Why are there so many kernel threads in my processing?
I have a Bash script, attached. At its core it:
* reads each line of the input file (sans the first one)
* parses the line into fields
* escapes single quote characters in a few fields
* builds an SQL INSERT statement
* appends the statement to a variable
* when done with all lines, the variable is output as a file
This process seems too slow, and I can't figure out why. Granted, some of the input files may be megabytes in size, and some of my input files have more fields than others.
When I use htop to observe what is going on, I see half the processing is red (kernel processes).
Can you give me some advice as to why things are so slow? Is cat too big? Is tail too big? Is the parsing labor intensive? Do I have too many piped processes? Is sed inherently slow?
Attached is a a screen dump illustrating the state of the processors.
Any help would be appreciated. How can I increase the thru-put of my script?
--
Eric Morgan
University of Notre Dame
#!/usr/bin/env bash
# pos2sql.sh - given a TSV file of keywords, output a set of SQL INSERT statements
# usage: mkdir -p ./tmp/sql-pos; find ./pos -name "*.pos" | sort | parallel --will-cite /export/reader/bin/pos2sql.sh
# Eric Lease Morgan <[log in to unmask]>
# (c) University of Notre Dame and distributed under a GNU Public License
# June 21, 2020 - based on other work
# configure
SQLPOS='./tmp/sql-pos'
TEMPLATE="INSERT INTO pos ( 'id', 'sid', 'tid', 'token', 'lemma', 'pos' ) VALUES ( '##ID##', '##SID##', '##TID##', '##TOKEN##', '##LEMMA##', '##POS##' );"
if [[ -z $1 ]]; then
echo "Usage: $0 <pos>" >&2
exit
fi
# initialize
TSV=$1
BASENAME=$( basename $TSV .pos )
IFS=$'\t'
# debug
echo "$BASENAME" >&2
# if the desired output already exists, then don't do it again
if [[ -f "$SQLPOS/$BASENAME.sql" ]]; then exit; fi
# extract document_id; I wish they had given me a key
DOCUMENTID=$( echo $BASENAME | cut -d'-' -f2 | sed 's/^0*//' )

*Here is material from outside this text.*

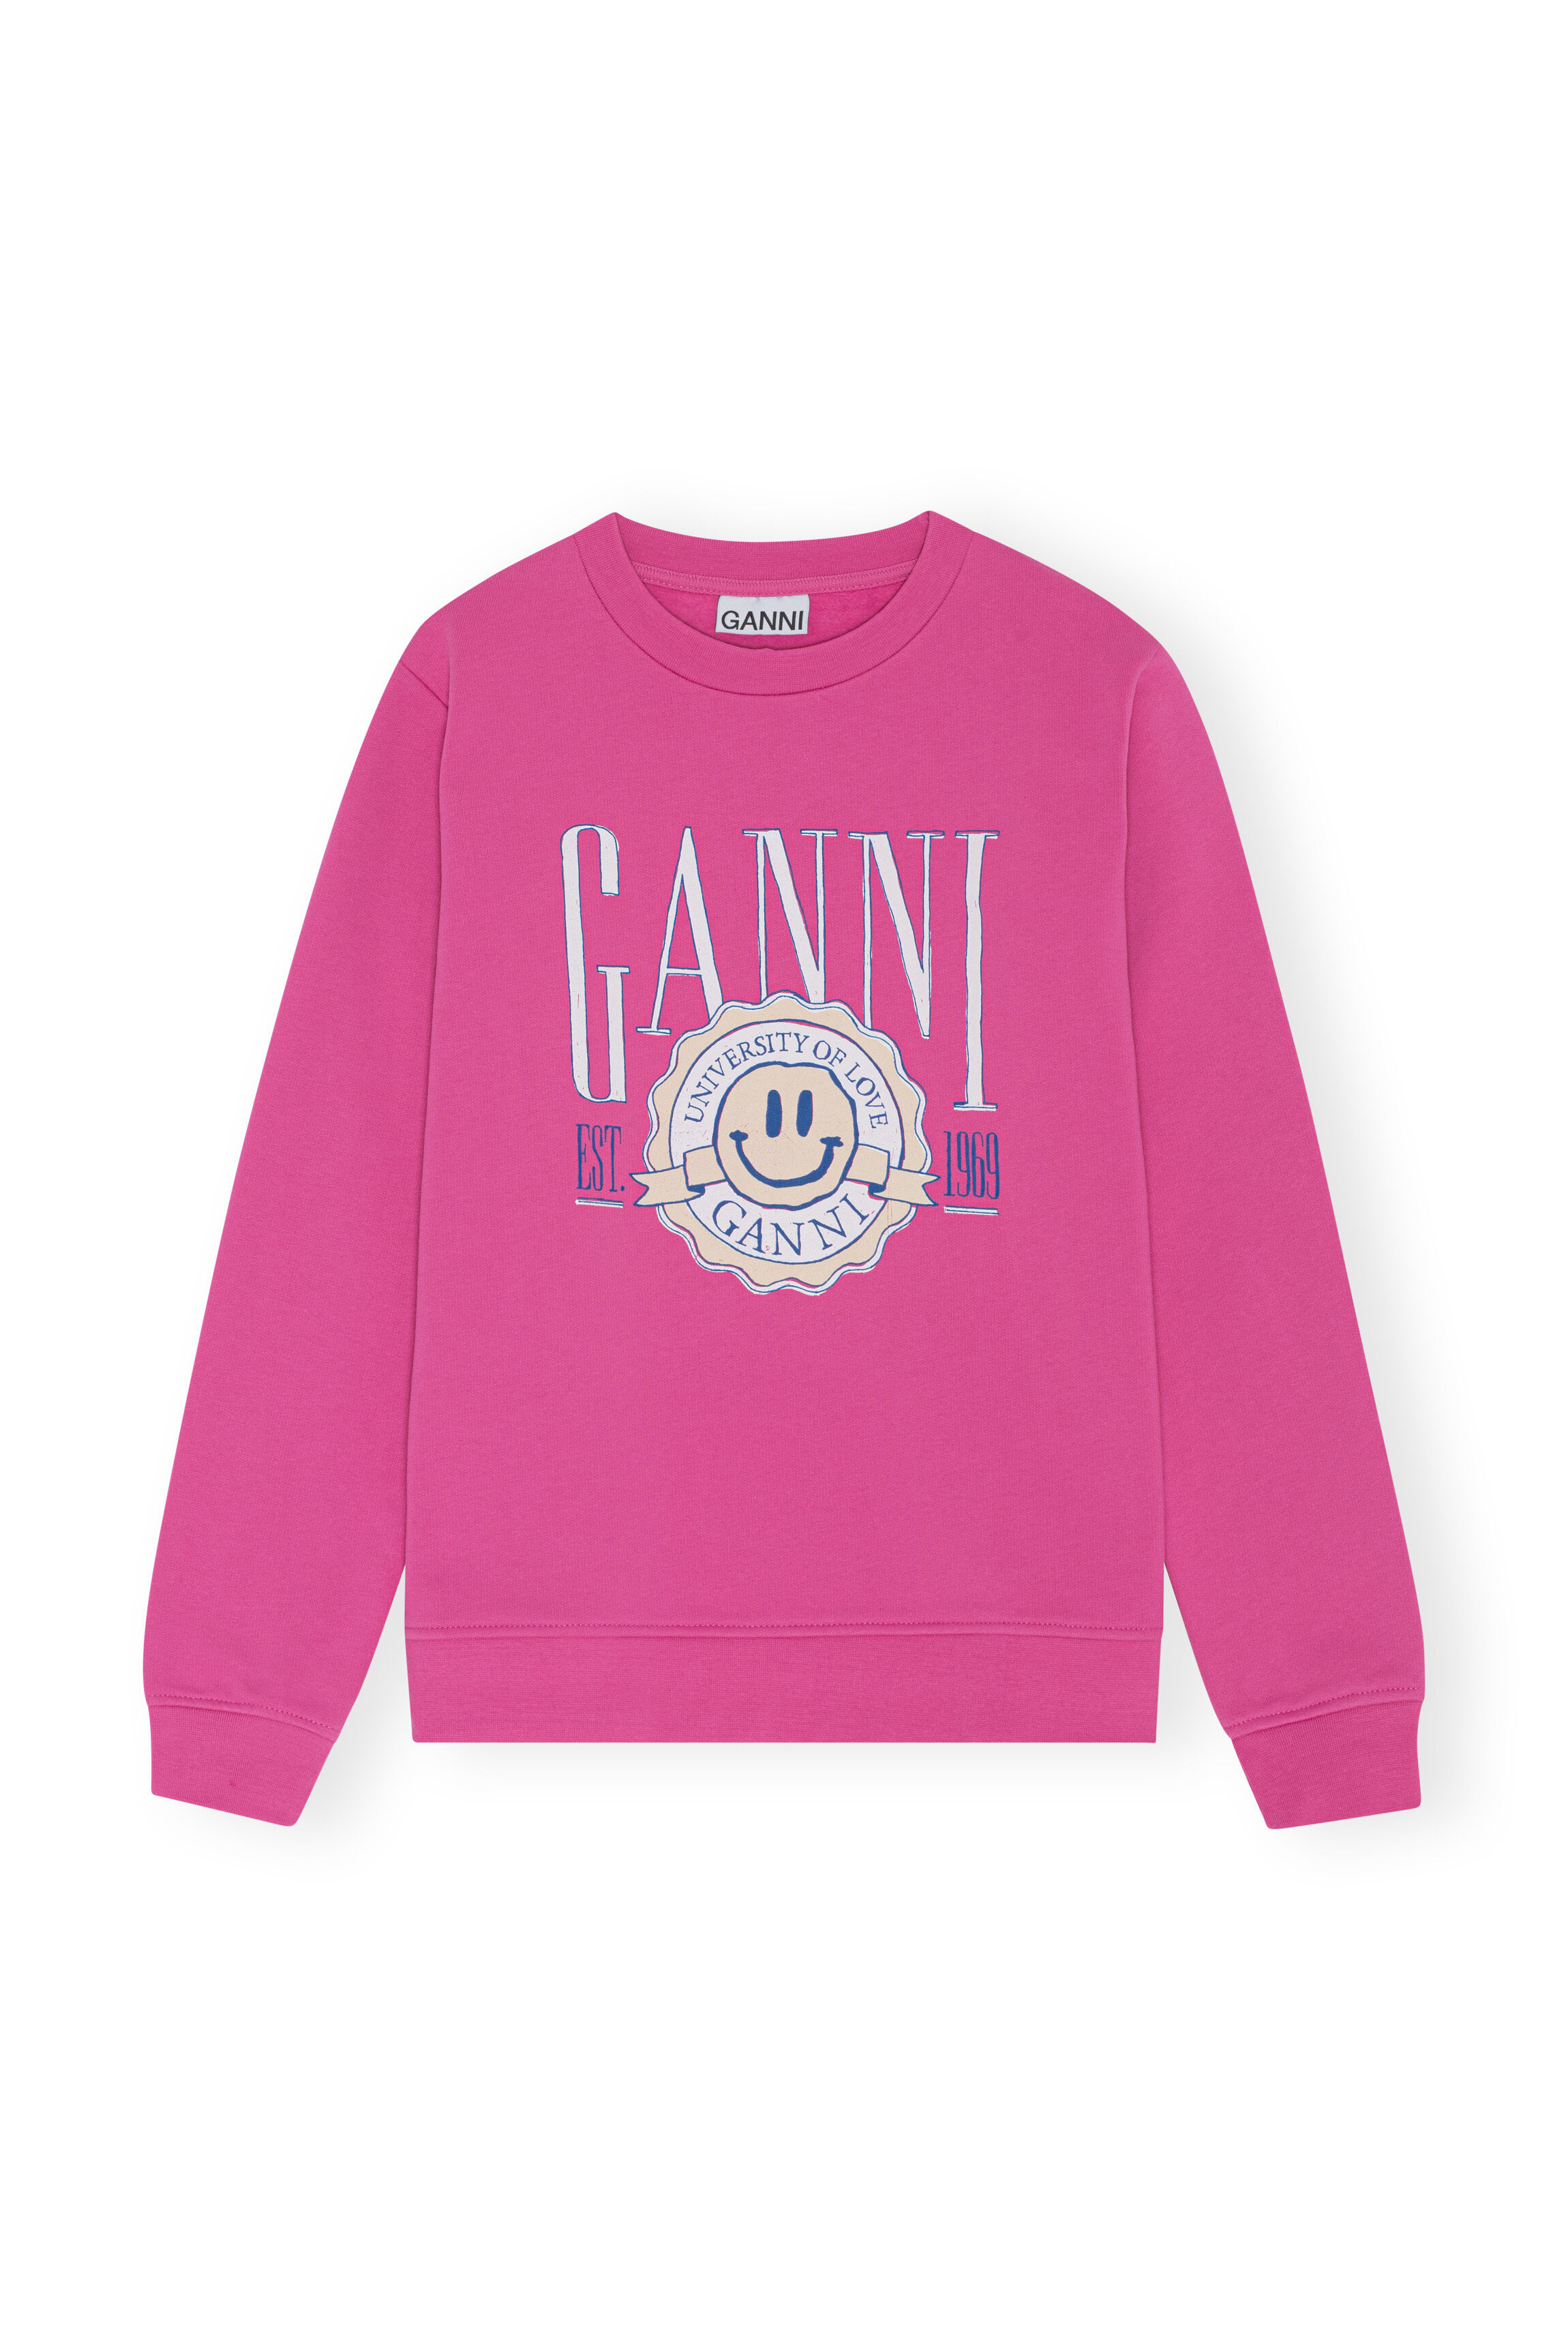 GANNI Exclusives | Online Exclusive Clothing | GANNI

# configure and then process each line in the file, sans the header
cat $TSV | tail -n +2 | ( while read ID SID TID TOKEN LEMMA POS; do
# escape
TOKEN=$( echo $TOKEN | sed "s/'/''/g" )
LEMMA=$( echo $LEMMA | sed "s/'/''/g" )
# create an INSERT statement and then update the SQL
INSERT=$( echo $TEMPLATE | sed "s/##ID##/$DOCUMENTID/" | sed "s|##SID##|$SID|" | sed "s|##TID##|$TID|" | sed "s|##TOKEN##|$TOKEN|" | sed "s|##LEMMA##|$LEMMA|" | sed "s|##POS##|$POS|" )
SQL="$SQL$INSERT\n"
done
# output
echo -e "$SQL" > "$SQLPOS/$BASENAME.sql"
)
# done
exit
|